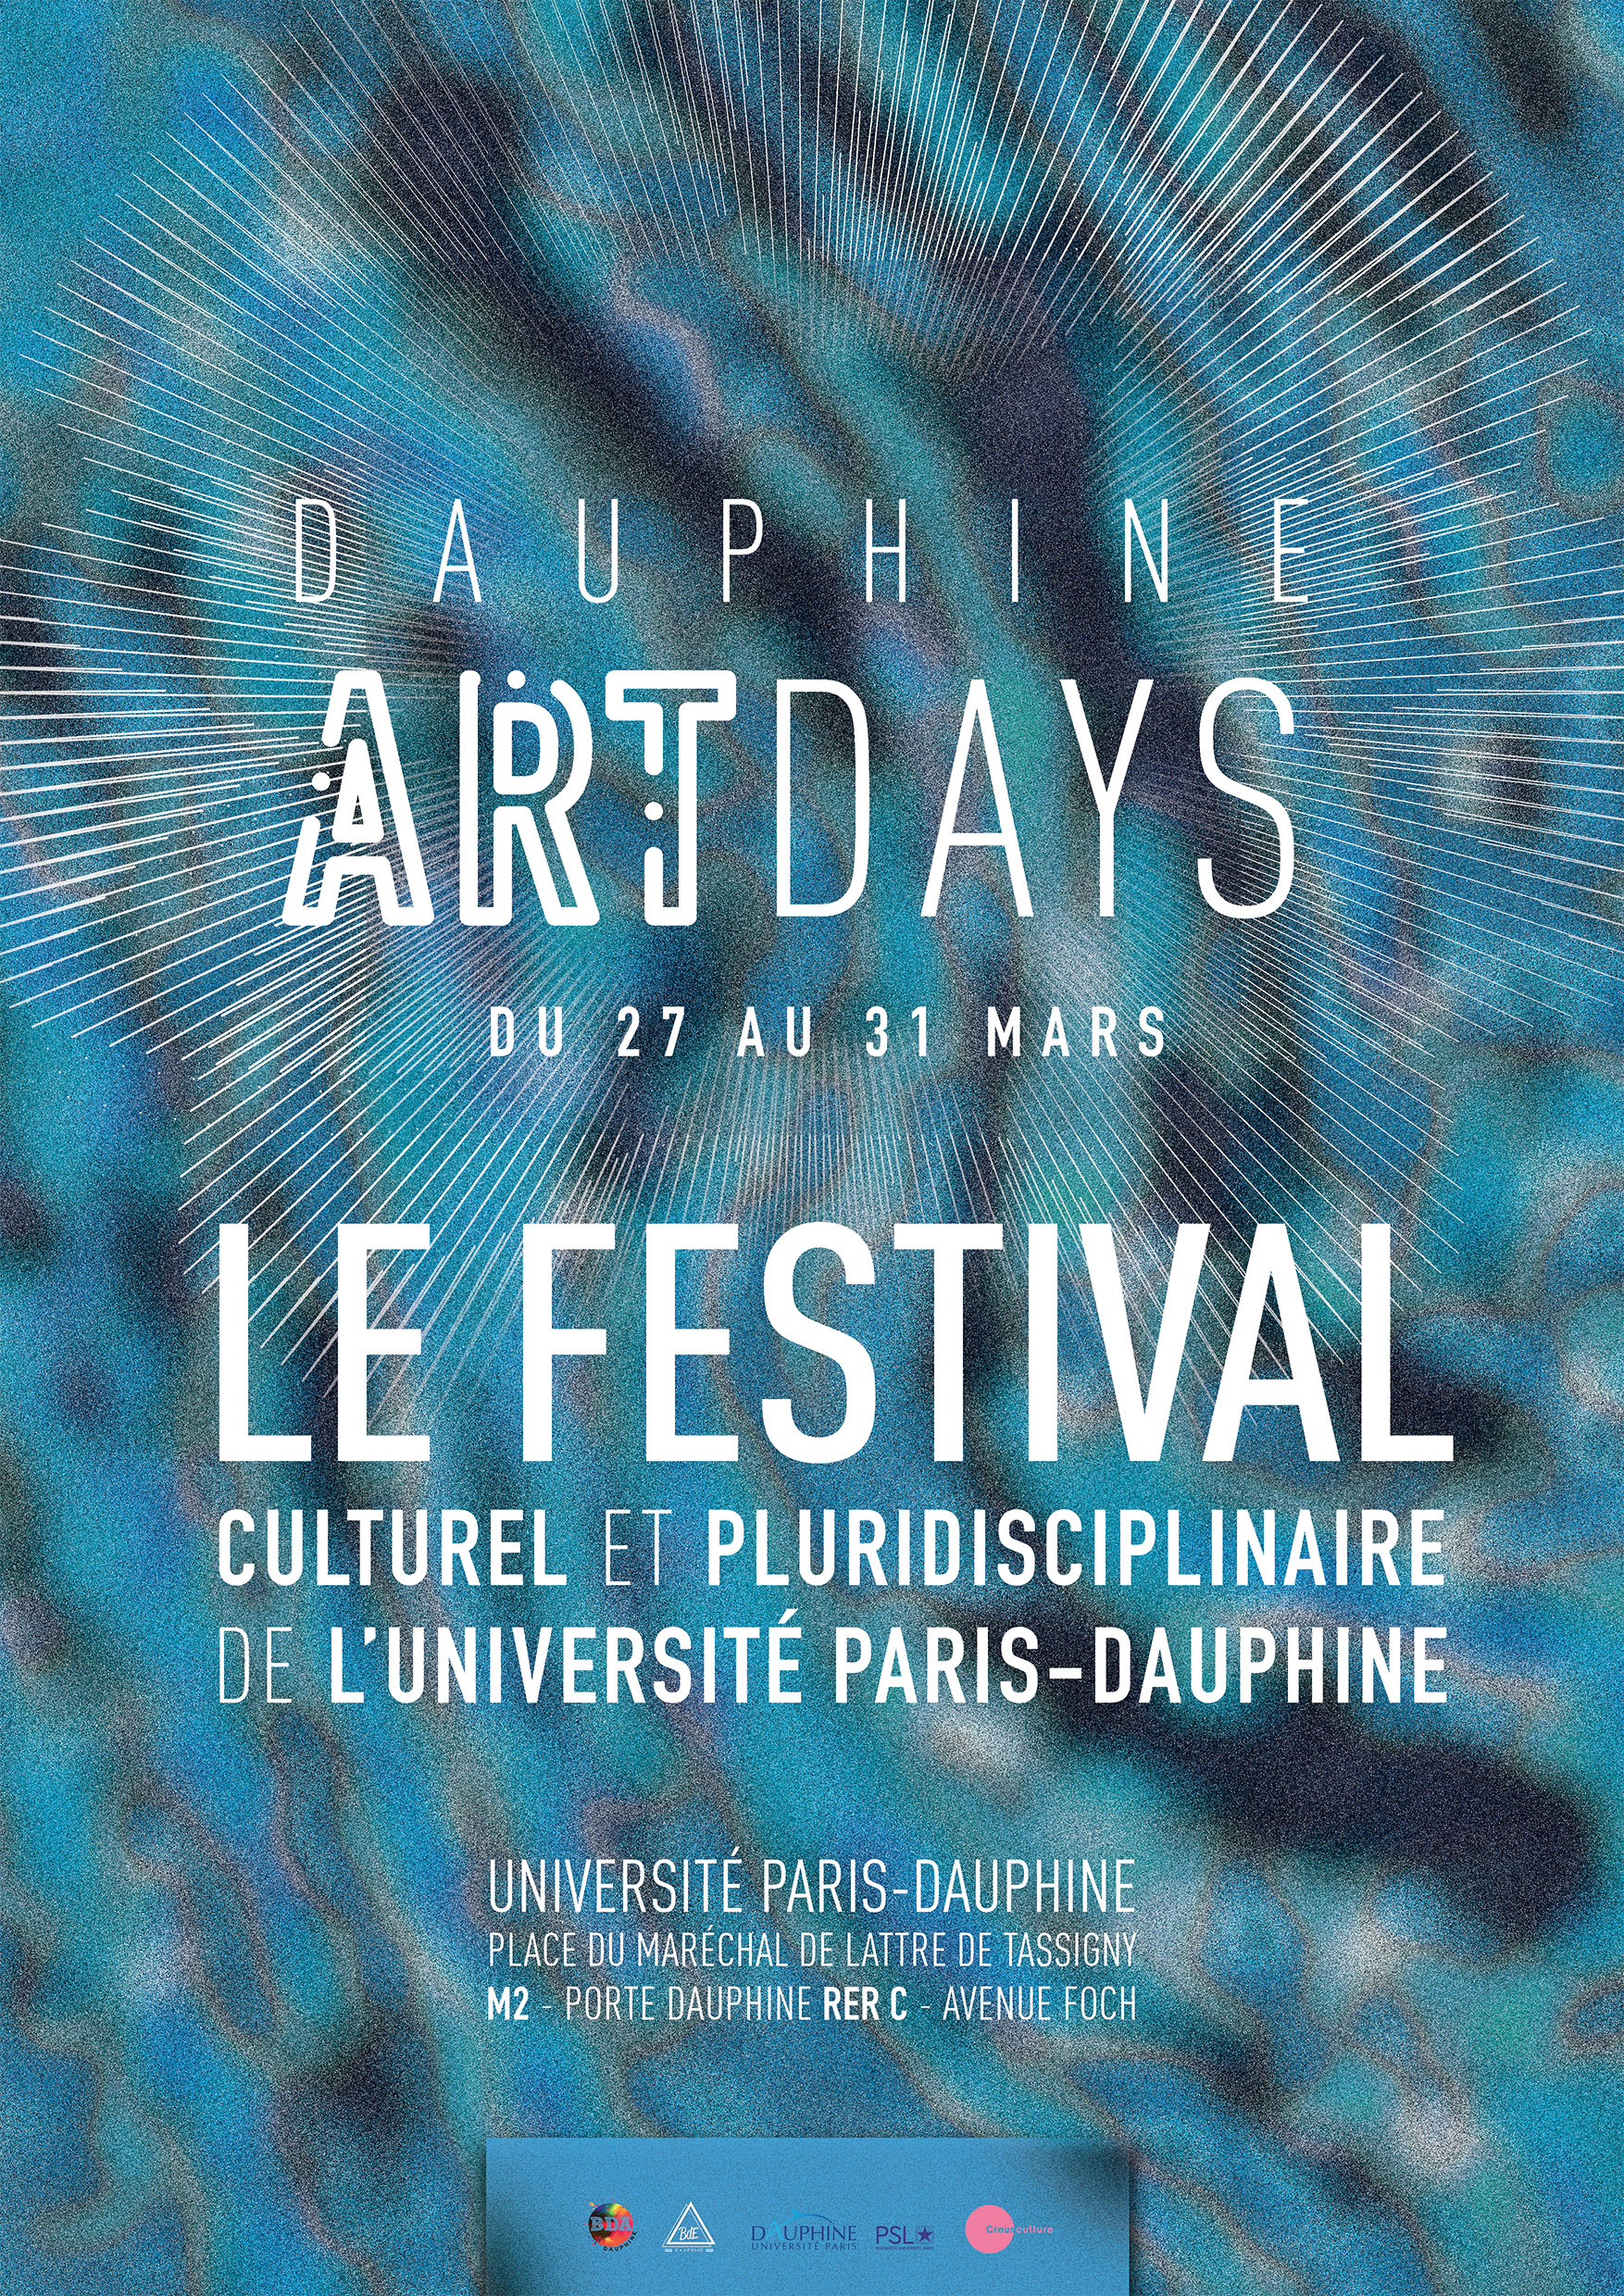 On a testé pour vous : le défilé des Dauphine Art Days
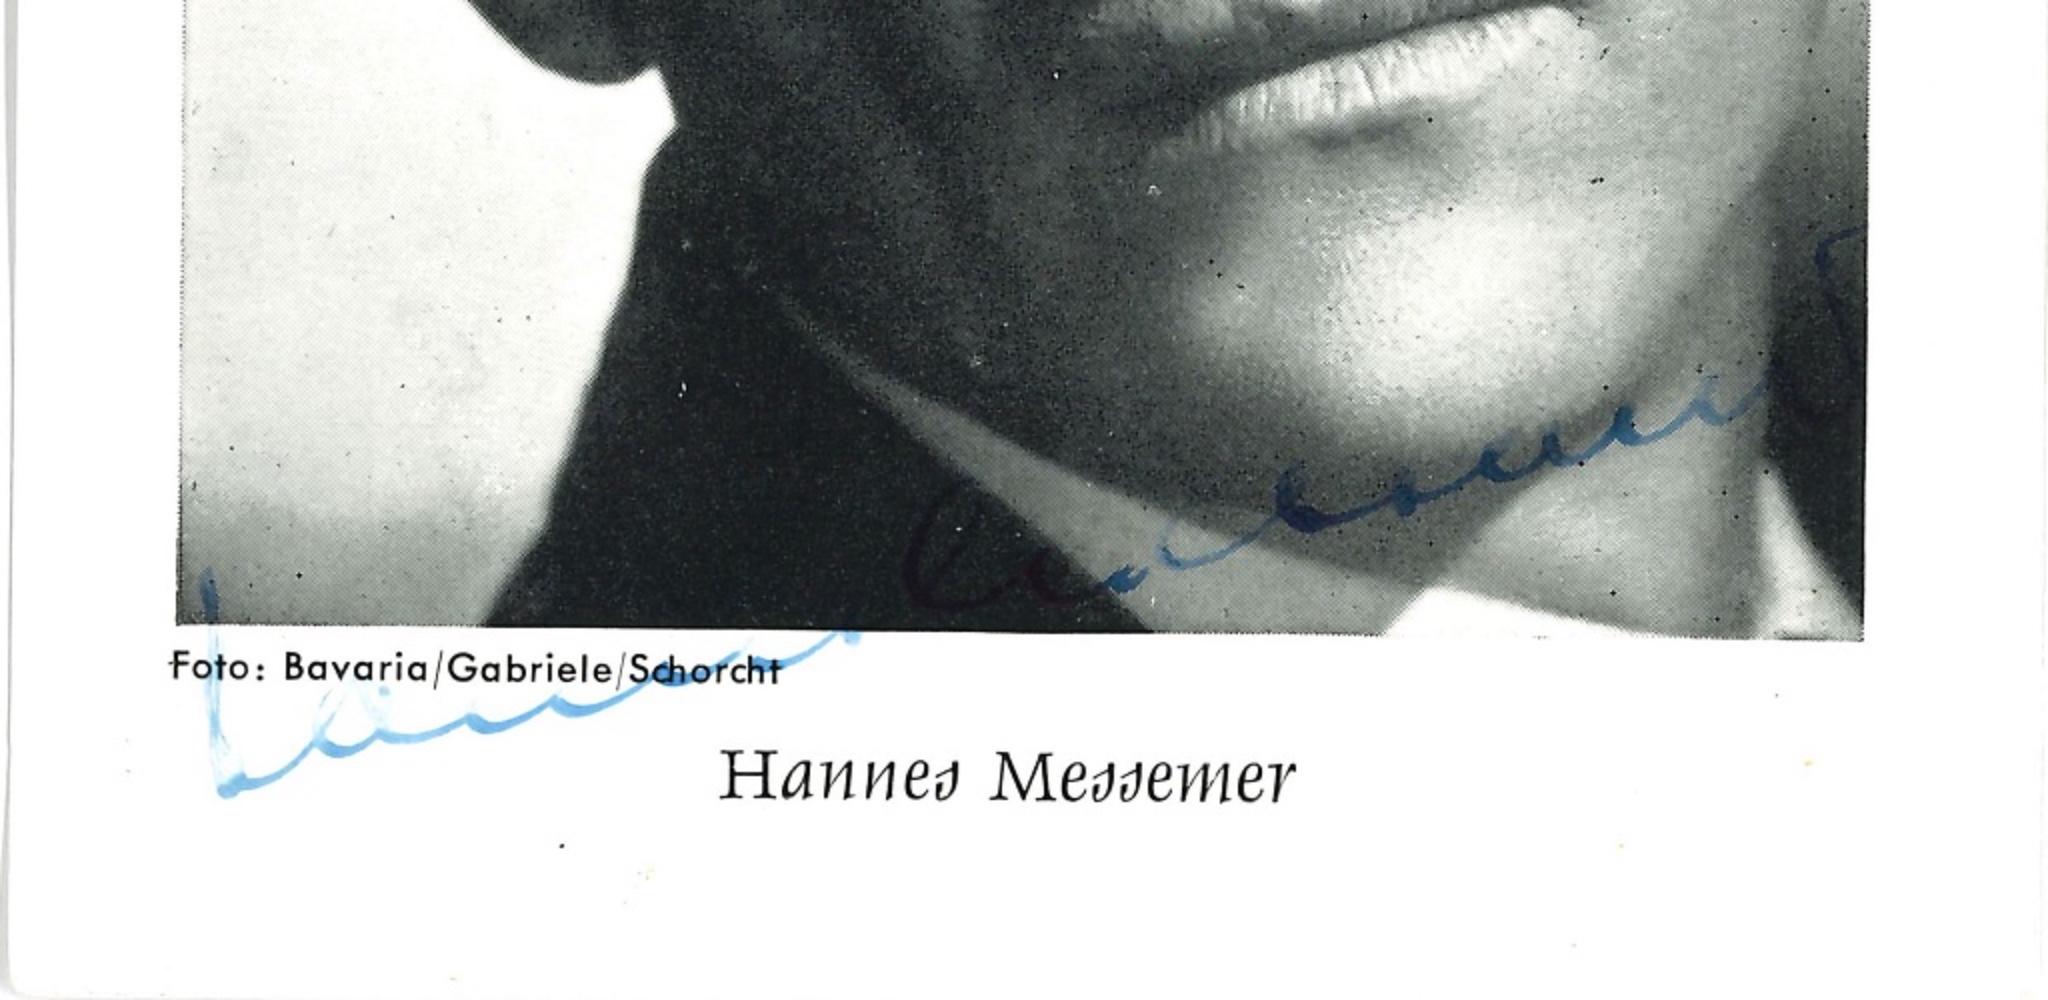 Hannes Messemer's Autographed Portrait - 1960s - Photograph by Unknown
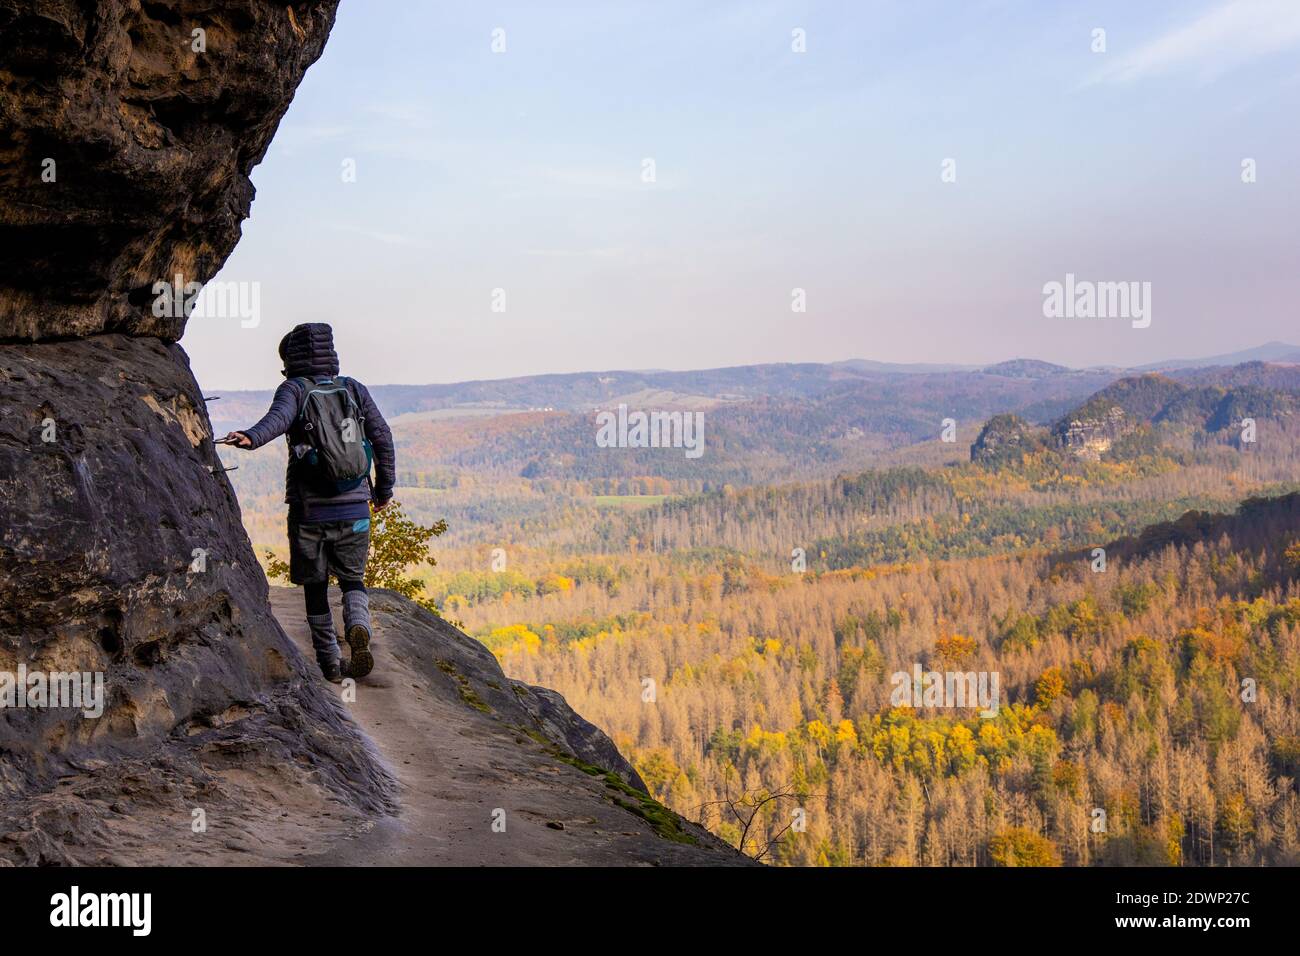 sentiero pedonale stretto - sentiero escursionistico per idagrotte nel parco nazionale della svizzera sassone, sächsische schweiz, elbsansteingebirge, germania orientale Foto Stock
· · · · · · ·
**Task requirements:** Copy out every line of the material above precisely, omitting the pictures.

**Task response:**
 On a testé pour vous : le défilé des Dauphine Art Days
 Hannes Messemer's Autographed Portrait - 1960s - Photograph by Unknown
 sentiero pedonale stretto - sentiero escursionistico per idagrotte nel parco nazionale della svizzera sassone, sächsische schweiz, elbsansteingebirge, germania orientale Foto Stock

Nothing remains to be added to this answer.